• Neurodivergent Attachment Styles: Anxious - Are they mad at me or am I spiraling again?
    2026/01/16

    Having an anxious attachment isn’t about being “needy” or insecure. It’s about what happens when a nervous system learns that connection isn’t always predictable or safe.

    For many late-diagnosed neurodivergent adults, that lesson was reinforced for decades without ever being named. In this episode of Divergent Paths, Dr. Regina McMenomy, Ph.D., unpacks anxious attachment as it shows up in late-diagnosed ADHD and autistic adults.

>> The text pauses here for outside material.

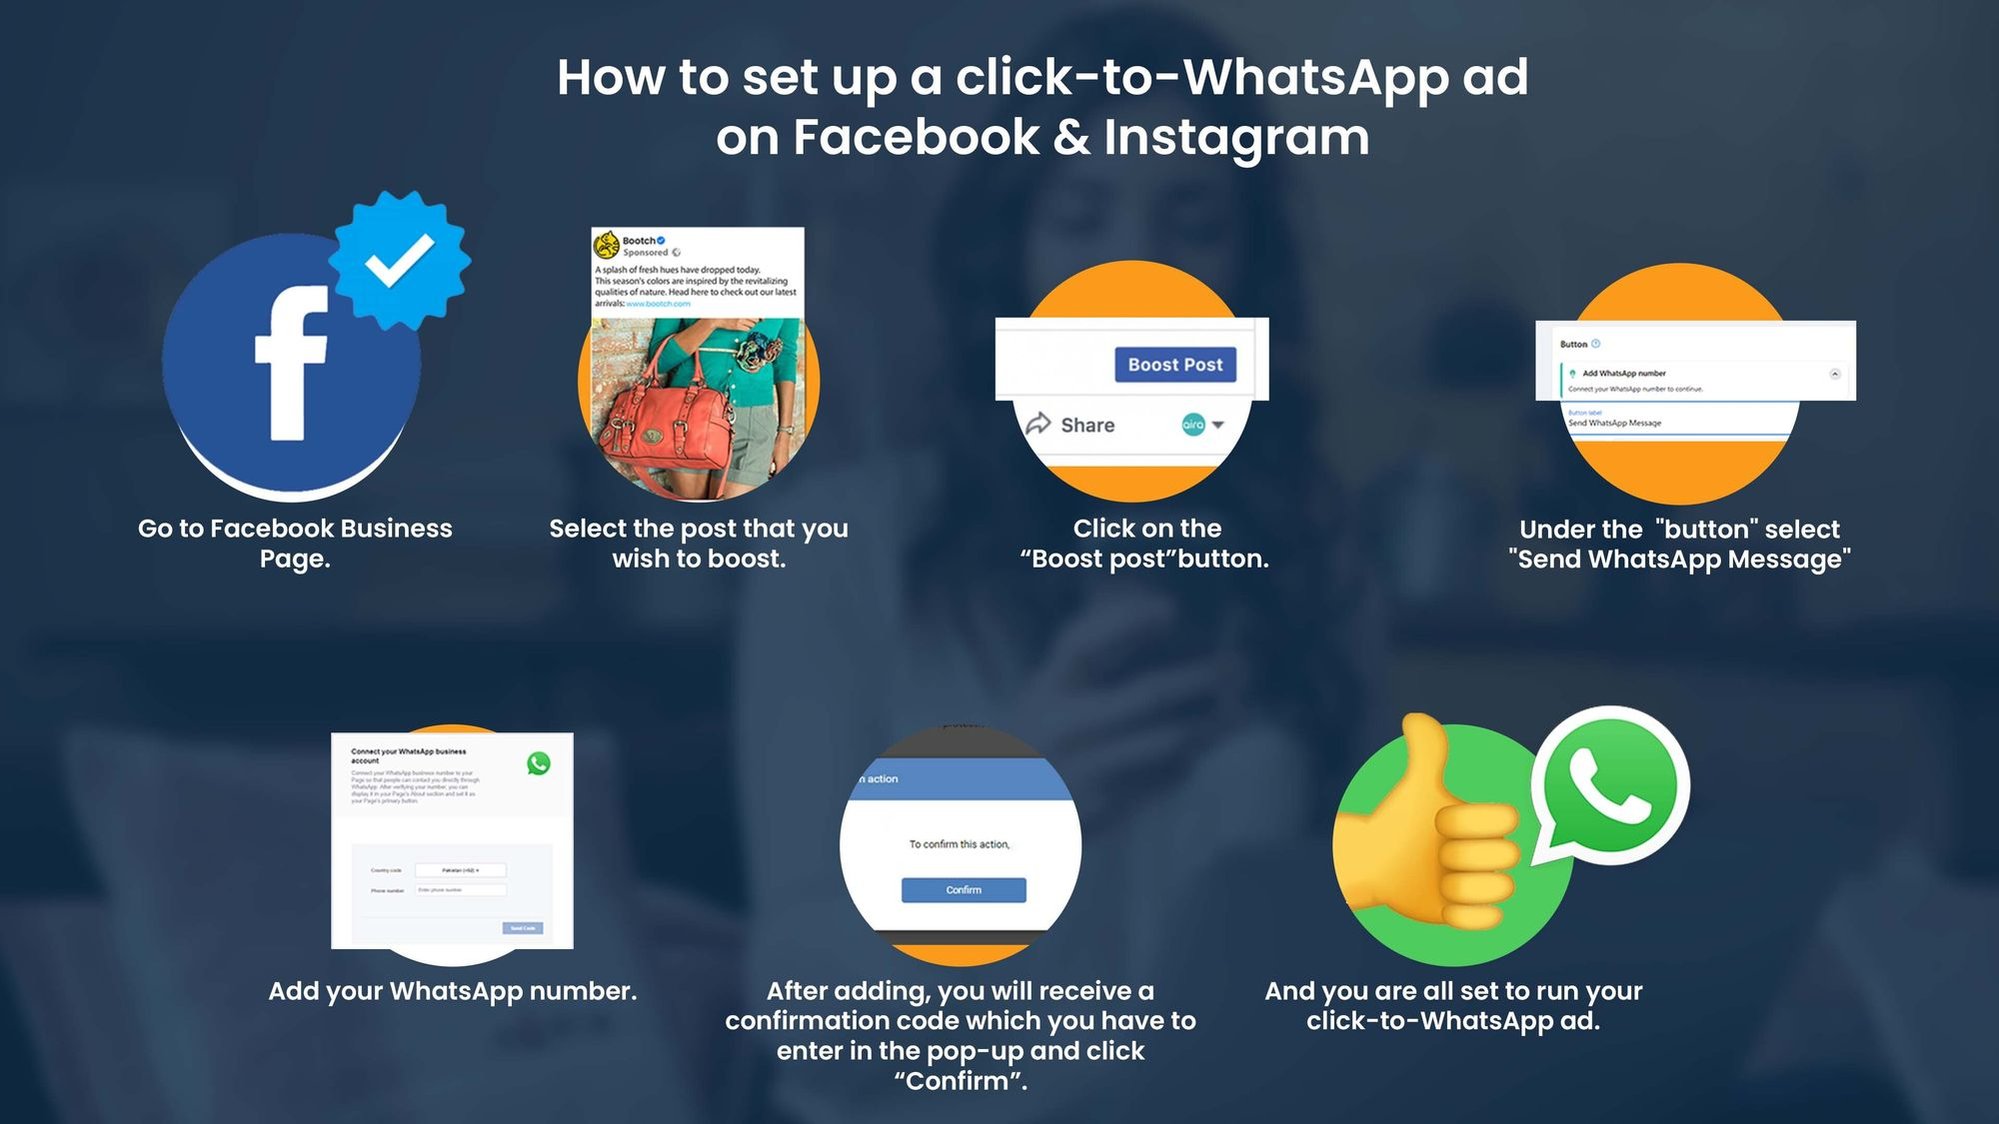 How to set up Click-to-WhatsApp ads on Facebook and Instagram

    She explores why anxious attachment isn’t a personality flaw, but a nervous system pattern shaped by inconsistency, masking, and years of subtle rejection. You’ll hear how ADHD pattern recognition, rejection sensitive dysphoria (RSD), perfectionism, and people-pleasing all feed the cycle and why masking makes anxious attachment feel so much more intense.

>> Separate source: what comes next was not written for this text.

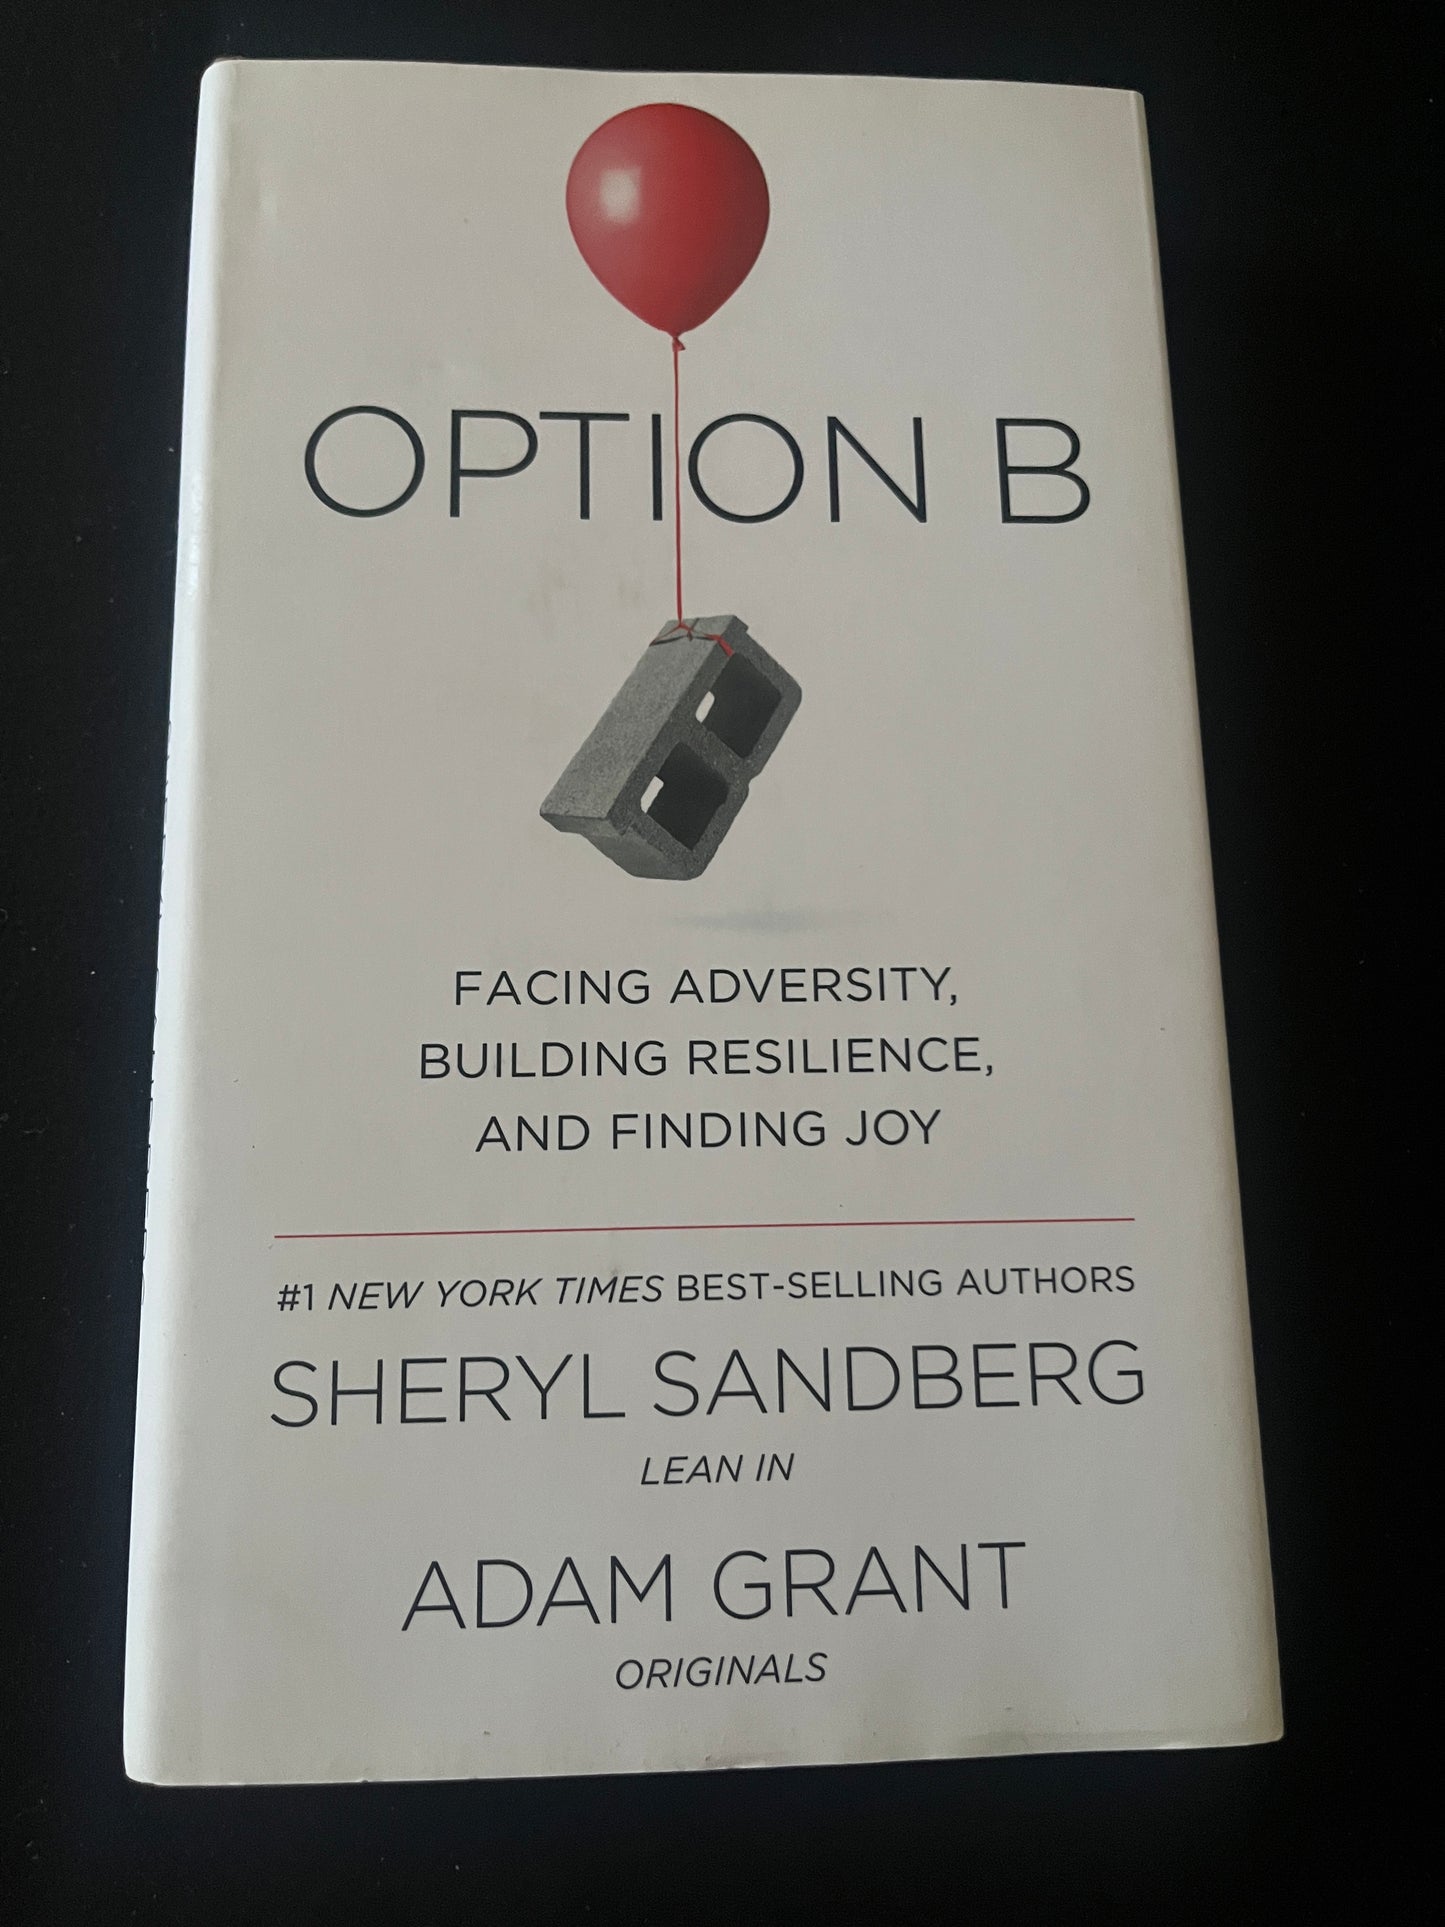 OPTION B: Facing Adversity, Building Resilience, and Finding Joy by Sheryl Sandberg and Adam Grant

    Most importantly, this episode offers practical, neurodivergent-affirming tools to interrupt the spiral: pausing before panic-texting, grounding through the senses, naming what your nervous system is doing, and learning to ask for space without apologizing for having needs.

    If you’ve ever thought, “Are they mad at me… or am I spiraling again?” this conversation will help you make sense of why your brain goes there, and how to meet yourself with more safety, clarity, and self-trust.

    Sign up for N.E.R.D. Notes and get weekly nerdy neurodivergent insights!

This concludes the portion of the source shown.